Том 5. Критика и публицистика 1856-1864
Шрифт:

Случаи, требующие этого действия, не могут быть многочисленны. Нельзя сомневаться, что большая часть недоразумений будет без труда устранена в самом начале деятельностью мировых посредников; следовательно, участие членов губернских присутствий потребуется в немногих случаях недоразумения упорного, которое, по каким-либо причинам, не поддается действию местной, уездной администрационной власти. Обращаться в подобных случаях к содействию полицейских мер было бы не только несправедливо, но и нерасчетливо. Во-первых, участие полиции, со всеми ее атрибутами, является необходимостью лишь при существовании действительных беспорядков, а не там, где существует только замешательство, требующее для своего прекращения одного толкового и терпеливого разъяснения дела; во-вторых, полиция не может быть даже компетентным судьей в таком деле, к участию в котором она вовсе не призвана.

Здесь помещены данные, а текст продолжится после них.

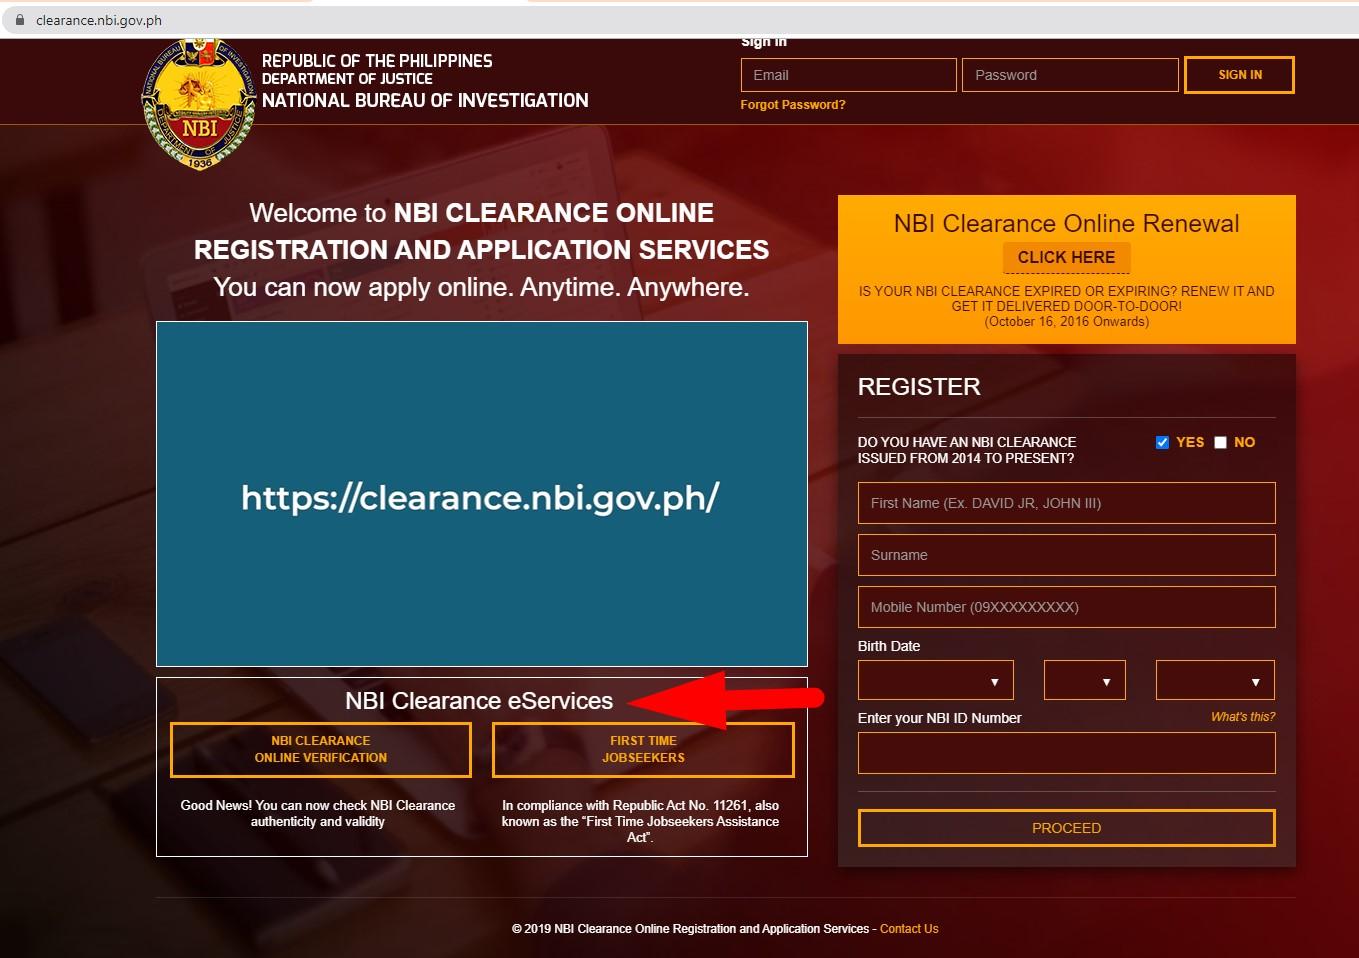 NBI CLEARANCE eSERVICES nbi clearance eservices NBI CLEARANCE eSERVICES FOR 2021 NBI CLEARANCE eSERVICES
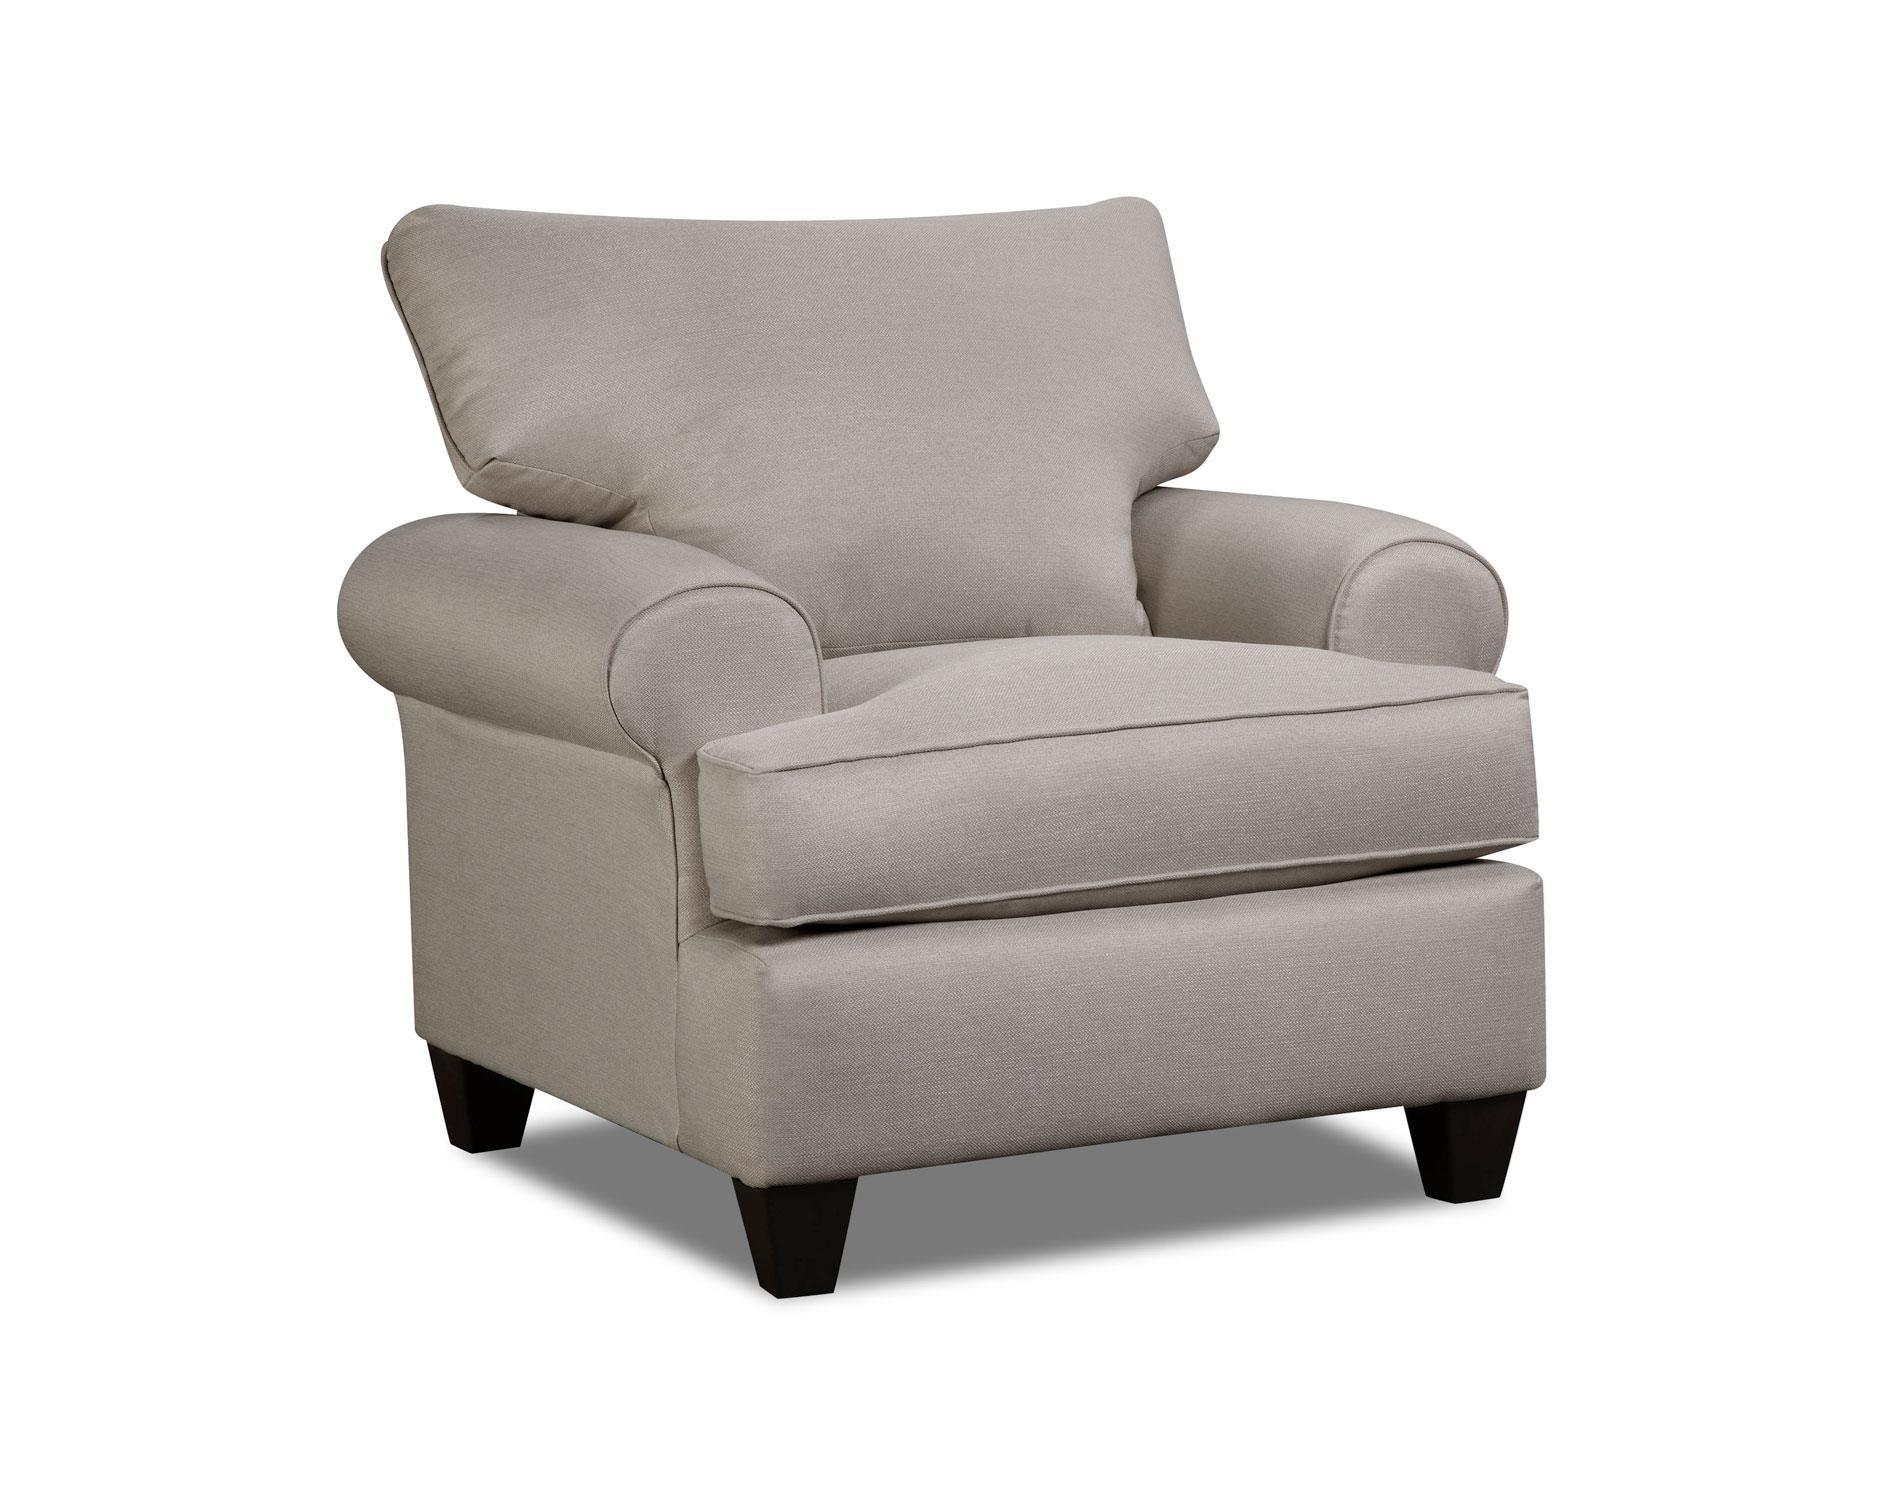 Corinthian Hogan Nickel Chair - Item Number: 47G1

Повторяем: деятельное участие членов губернских присутствий (дворян-помещиков)

в случаях подобного рода совершенно необходимо. Они более, нежели другие лица губернского и уездного управлений, способны внушить доверие крестьянам; они более, нежели кто-либо, могут уяснить себе и самый дух нового законодательства и ту обстановку, среди которой оно приводится в исполнение. То, в чем полицейские власти могут видеть неповиновение, беспорядок и сопротивление букве закона, в глазах добросовестного члена губернского присутствия может принять характер события, которого основа лежит, быть может, в неясном понимании обязанностей с одной стороны, а быть может, и в старании удержаться на прежней почве произвола — с другой. Законоположения 19-го февраля не уполномачивают начальников губерний обращаться к содействию членов губернских присутствий в делах такого рода, но и не воспрещают этого обращения. Мы думаем даже, что губернаторы имеют полное право требовать этого содействия, ибо существенное в деле освобождения крестьян заключается в том, чтобы великое преобразование, предпринятое правительством, совершилось спокойно и беспрепятственно, а не в бесплодных словопрениях о том, прилично или нет тому или другому члену присутствия принять на себя обязанность, с исполнением которой в деле нашем до сих пор соединялось представление о полиции.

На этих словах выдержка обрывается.